→ YOUR GOAL
Each line from the one containing "Juguete Bandai Godzilla" through the final line of the data below must be repeated exactly.

→ EXTRACTED DATA
--------

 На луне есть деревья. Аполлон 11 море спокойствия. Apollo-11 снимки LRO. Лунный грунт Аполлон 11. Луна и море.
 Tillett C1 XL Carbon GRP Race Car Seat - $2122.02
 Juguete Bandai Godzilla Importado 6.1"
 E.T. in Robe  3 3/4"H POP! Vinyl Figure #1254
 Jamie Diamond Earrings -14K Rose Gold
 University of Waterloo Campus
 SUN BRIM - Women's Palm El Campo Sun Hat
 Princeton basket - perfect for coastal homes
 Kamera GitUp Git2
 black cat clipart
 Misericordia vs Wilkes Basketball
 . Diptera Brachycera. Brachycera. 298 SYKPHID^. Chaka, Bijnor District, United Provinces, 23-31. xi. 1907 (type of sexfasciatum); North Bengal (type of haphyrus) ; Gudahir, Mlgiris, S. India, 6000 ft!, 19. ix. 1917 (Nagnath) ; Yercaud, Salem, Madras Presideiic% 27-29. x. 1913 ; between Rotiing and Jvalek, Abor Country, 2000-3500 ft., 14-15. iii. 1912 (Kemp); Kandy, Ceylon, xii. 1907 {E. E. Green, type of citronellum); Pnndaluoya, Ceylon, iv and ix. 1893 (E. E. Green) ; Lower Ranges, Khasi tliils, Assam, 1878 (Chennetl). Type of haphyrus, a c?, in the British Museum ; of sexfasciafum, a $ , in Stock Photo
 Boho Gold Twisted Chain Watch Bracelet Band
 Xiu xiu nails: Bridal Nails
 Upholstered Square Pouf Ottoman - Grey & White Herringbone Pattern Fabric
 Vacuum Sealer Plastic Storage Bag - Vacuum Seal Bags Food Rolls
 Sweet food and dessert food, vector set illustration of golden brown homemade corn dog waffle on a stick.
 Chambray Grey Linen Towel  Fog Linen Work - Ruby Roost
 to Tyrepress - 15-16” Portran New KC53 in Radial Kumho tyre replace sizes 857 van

--------

→ REPLY
 Juguete Bandai Godzilla Importado 6.1"
 E.T. in Robe  3 3/4"H POP! Vinyl Figure #1254
 Jamie Diamond Earrings -14K Rose Gold
 University of Waterloo Campus
 SUN BRIM - Women's Palm El Campo Sun Hat
 Princeton basket - perfect for coastal homes
 Kamera GitUp Git2
 black cat clipart
 Misericordia vs Wilkes Basketball
 . Diptera Brachycera. Brachycera. 298 SYKPHID^. Chaka, Bijnor District, United Provinces, 23-31. xi. 1907 (type of sexfasciatum); North Bengal (type of haphyrus) ; Gudahir, Mlgiris, S. India, 6000 ft!, 19. ix. 1917 (Nagnath) ; Yercaud, Salem, Madras Presideiic% 27-29. x. 1913 ; between Rotiing and Jvalek, Abor Country, 2000-3500 ft., 14-15. iii. 1912 (Kemp); Kandy, Ceylon, xii. 1907 {E. E. Green, type of citronellum); Pnndaluoya, Ceylon, iv and ix. 1893 (E. E. Green) ; Lower Ranges, Khasi tliils, Assam, 1878 (Chennetl). Type of haphyrus, a c?, in the British Museum ; of sexfasciafum, a $ , in Stock Photo
 Boho Gold Twisted Chain Watch Bracelet Band
 Xiu xiu nails: Bridal Nails
 Upholstered Square Pouf Ottoman - Grey & White Herringbone Pattern Fabric
 Vacuum Sealer Plastic Storage Bag - Vacuum Seal Bags Food Rolls
 Sweet food and dessert food, vector set illustration of golden brown homemade corn dog waffle on a stick.
 Chambray Grey Linen Towel  Fog Linen Work - Ruby Roost
 to Tyrepress - 15-16” Portran New KC53 in Radial Kumho tyre replace sizes 857 van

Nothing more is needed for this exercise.